This year, I’ve been giving you obscure adds for your desperate teams. Loyal readers who read the whole article also find that, at the bottom, I give you a “sell” tip. Sometimes, the most effective thing we can do for our fantasy teams isn’t adding a new player, but benching your struggling high draft pick. But my confirmation bias, you shout, staring at your 2019 league winning team on Yahoo’s history page. Miguel Sano is due! Me too, bro. One day I’ll return to my 30 homer power and you’ll be drafting me in leagues again. But until then, you need to cut your dead weight — is it gauche to say that right after name-dropping Miguel Sano? Instead of thinking of the past, you can think about all that sweet, hot second half action.
To celebrate the Fourth of July this week, I’m giving you a whole article on “sell” options — let’s get your roster ready for the next big thing!
I’m The Problem — It’s Me:
Triston McKenzie (CLE, SP, 78% Rostered): Gave you the sell earlier in the year, but now your hand is forced. McKenzie got sent to the minors to sort out his weak elbow. McKenzie opted to rehab injured ligaments in his elbow rather than undergo immediate Tommy John surgery. You might remember Jacob deGrom did that as well, before eventually undergoing surgery and hitting the fantasy bench. Over the last month, McKenzie’s ERA hovered around 8.60 before soaring to 14.09 over his last three starts, where he walked more batters (11) than he struck out (9). The move to Triple-A allows McKenzie to work on his health in a less stressful situation but also sends the message that “rehab” has a bit of a timeline. If McKenzie got TJ right about now, he’d be ready for spring training 2026, when he’d be 28 and lined up for free agency. I mean, I’m not a professional baseball agent type, but that seems pretty obvious to me. Either way, McKenzie is useless for your fantasy team, and it’s time to move on.
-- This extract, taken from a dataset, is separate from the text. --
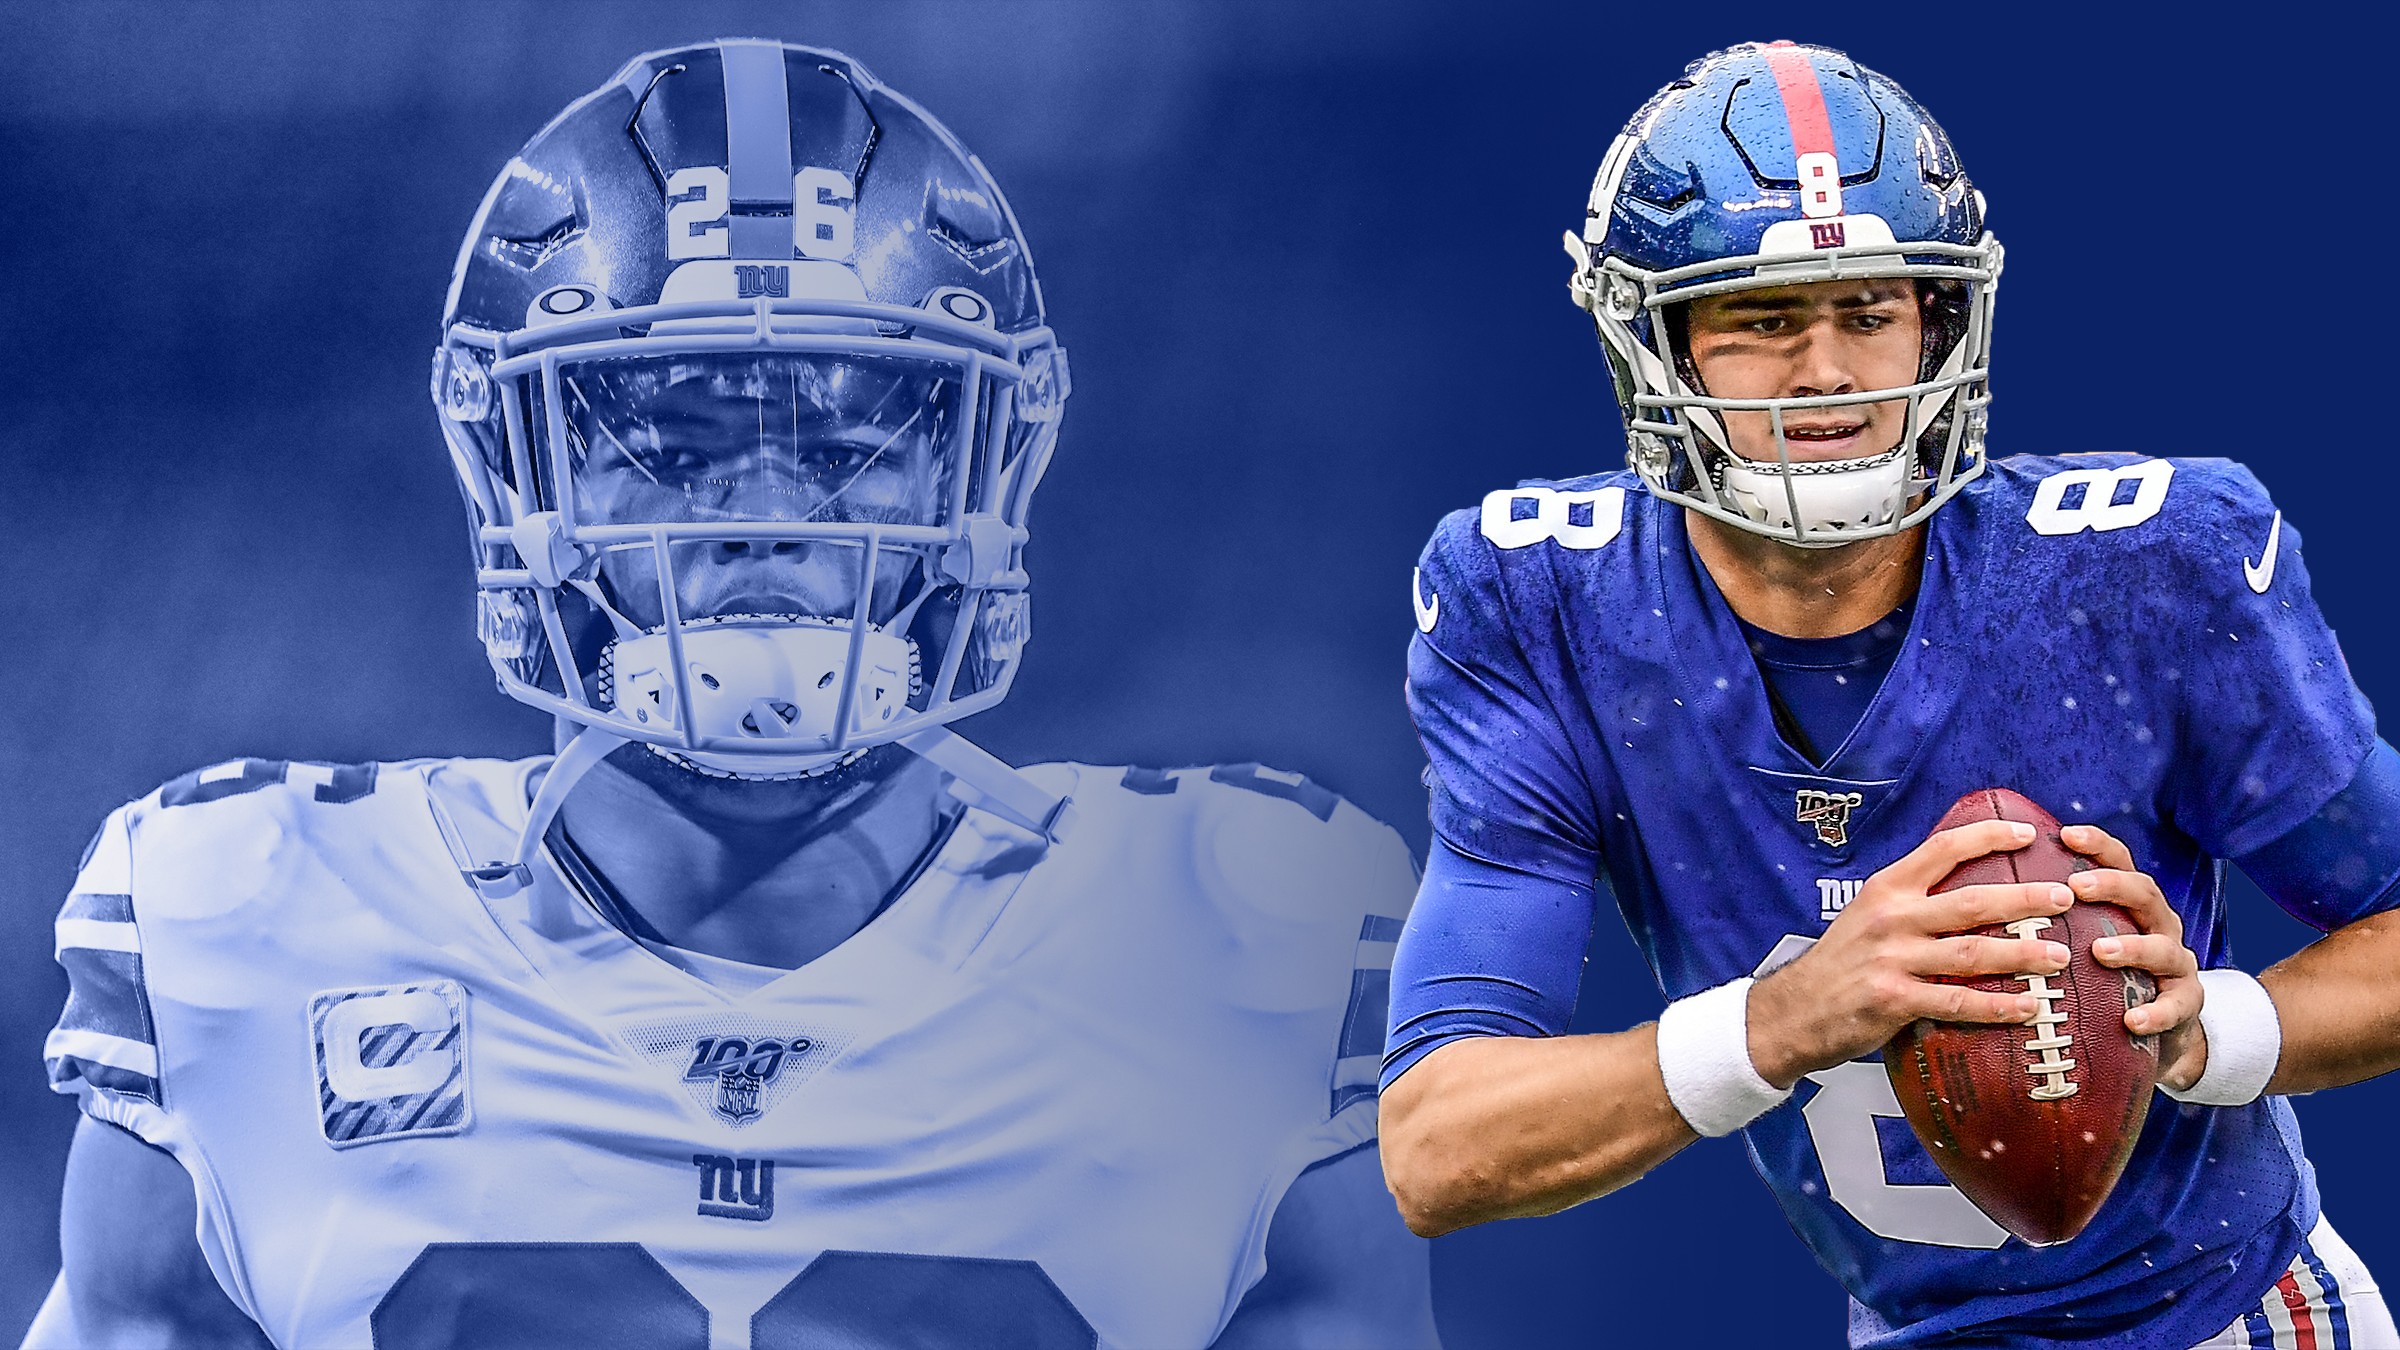 What to watch for over the second half of the New York Giants’ season

Nolan Jones (COL, OF, 100% Rostered): I mean, this is like shooting fish in a barrel. Also, why don’t we spell “barrel” like “Darrell”? Somebody ask ChatGPT for me — that’ll make you my AI’s ally. Jones actually hasn’t been awful over the last few weeks, with his bat heating up to a .250 average and a couple homers and a handful of RBIs/R. Over that same time period, Jesse Winker put up more counting stats and a better average and was totally free off the waiver wire. At least he was free until I featured him two weeks in a row — now he’s 99% rostered as he’s climbed into the Top 100 on the Player Rater. Where’s Nolan Jones after his “hot” streak? 696th. I’m not a math major, but there are 26 players on a daily roster, and 3o teams in the league, which is 780 players. I can point out that being the 696th best player in the league is not a good thing, but Jones defenders will still appear out of the woodwork. His K rate is still near 30%, he’s getting lucky in his BABIP, and he’s not stealing bases — there’s nothing to like about a weak-hitting OF who has negative value in every category. You do you on drop/trade/bench, but whatever the decision, Jones shouldn’t be in your starting lineup anymore.
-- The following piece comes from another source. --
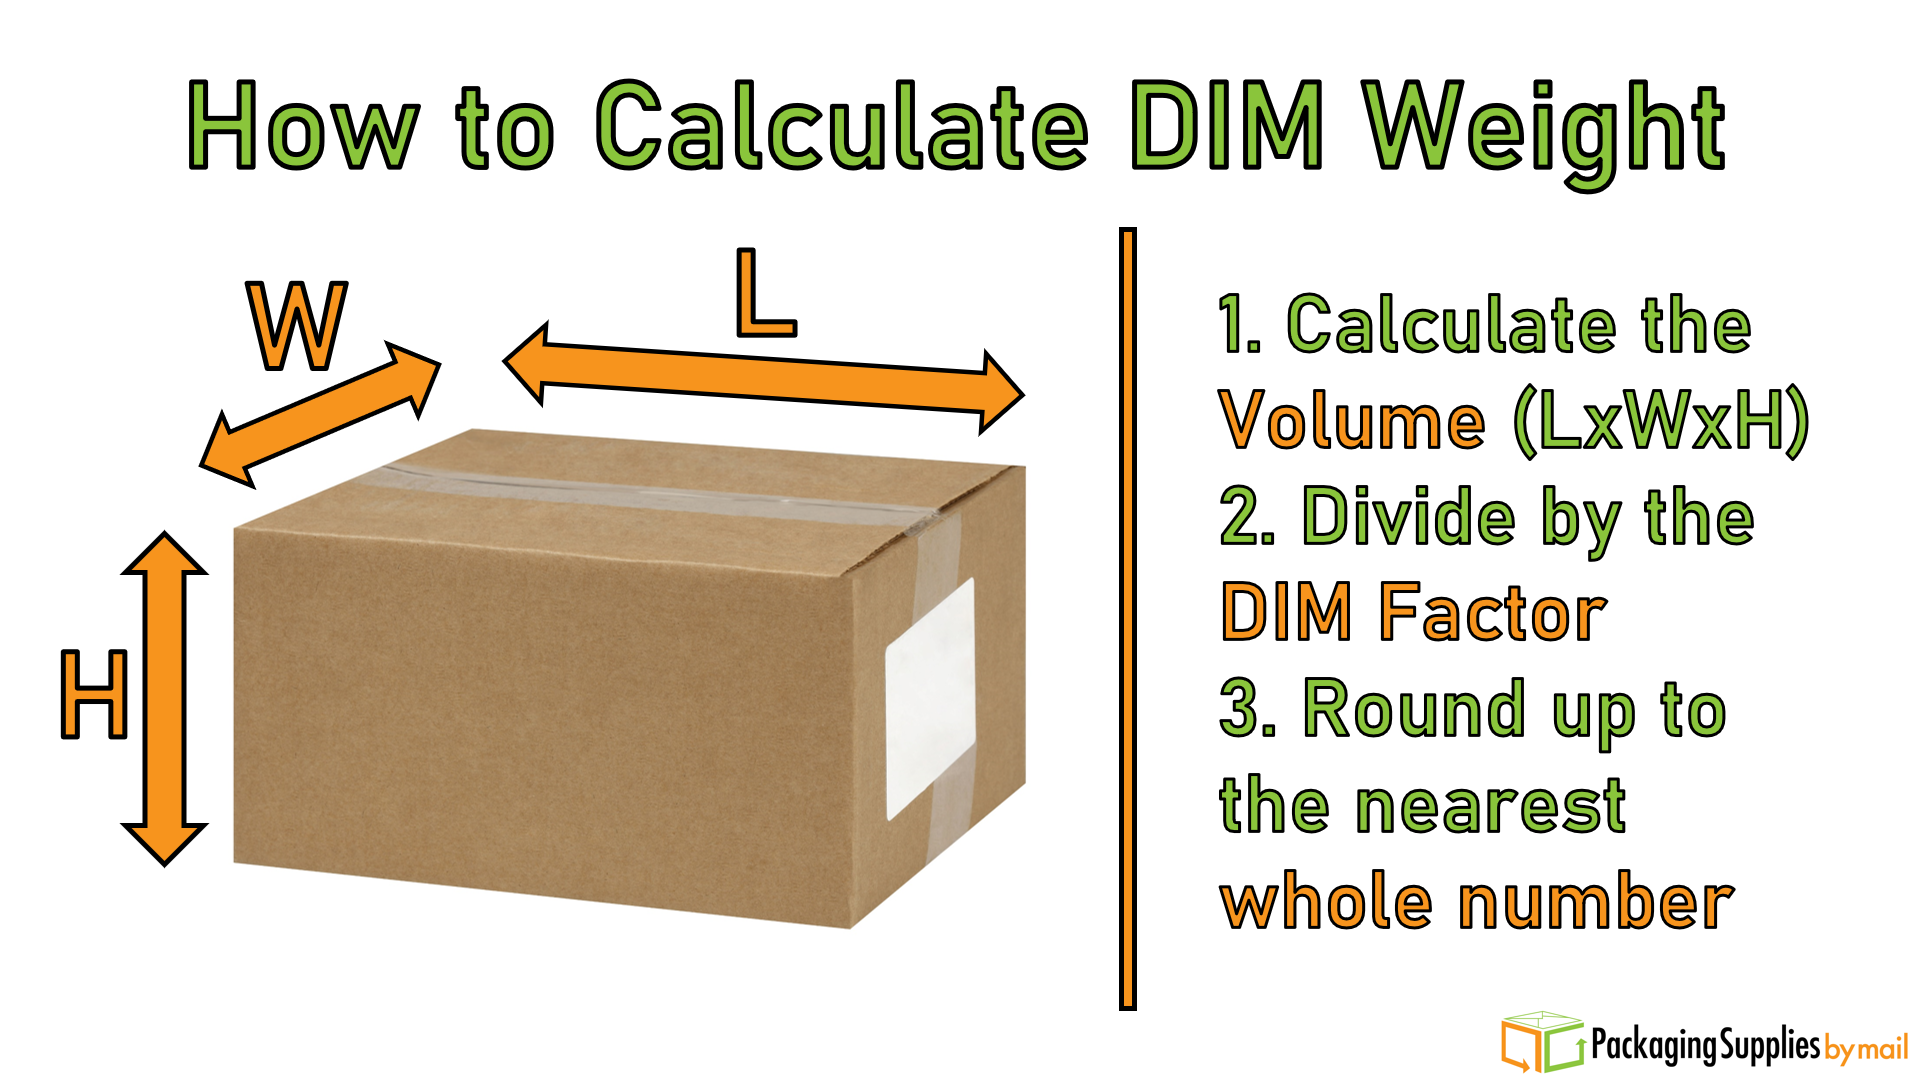 How to calculate DIM weight.

Mike Trout (LAA, OF, 96% Rostered): This is more like a “Fantasy Schmohawk” take. There are bunch of managers out there licking their chops right now, sitting in first place and thinking, “Mike Trout comes back from the IL at the end of July, and Gerrit Cole will be ready then — fantasy playoffs, here I come!” Grey once joked about power hitters on crappy teams smacking 4o homers and finishing with 50 RBIs. Before injury, Trout had 10 dingers and 14 RBIs. Sigh. Reports say that Trout is “pain free” and expected back at the end of July, but he’s not running yet. I’m also not in pain when not running. Same probably goes for you. Also, your fantasy playoffs? You’re not gonna make them if you have a bad July, and Trout and his bad knees and no RBIs aren’t going to help that much in the playoff run. We all love a healthy Trout, but most of you aren’t in a place where he can hog your IL and then be useful as a HR-based UTIL. It’s like having Carlos Pena on your roster — if you’ve got RBI guys and average guys, you can afford to roster Trout in the second half. If you’re lagging in those areas, he won’t help. Did Carlos Pena help your roster in those lean years? There’s probably a bunch of readers who weren’t even born when Carlos Pena was a thing. And to think I rostered him on ESPN! ENYWHEY. Are the Angels really going to make a playoff run this year? Remember last year when they opted to keep Shohei Ohtani and try to make the playoffs? How’d that end up? Oh yeah, Ohtani got shut down, the Angels got no trade deadline goodies, and they were out of the playoff race in like the first week of August. History repeats itself, you know? Logically it makes no sense to keep marching Trout out there to captain the Quad-A squad that is the 2024 Angels. when they could let him get healthy for once this decade and give it a shot next year. That way, we can draft a healthy Trout in the third round again and then pretend to be totally surprised when he makes 250 plate appearances. I’d recommend trading Trout — which I believe is a UNESCO recognized cultural heritage practice — and letting some other manager take the risk.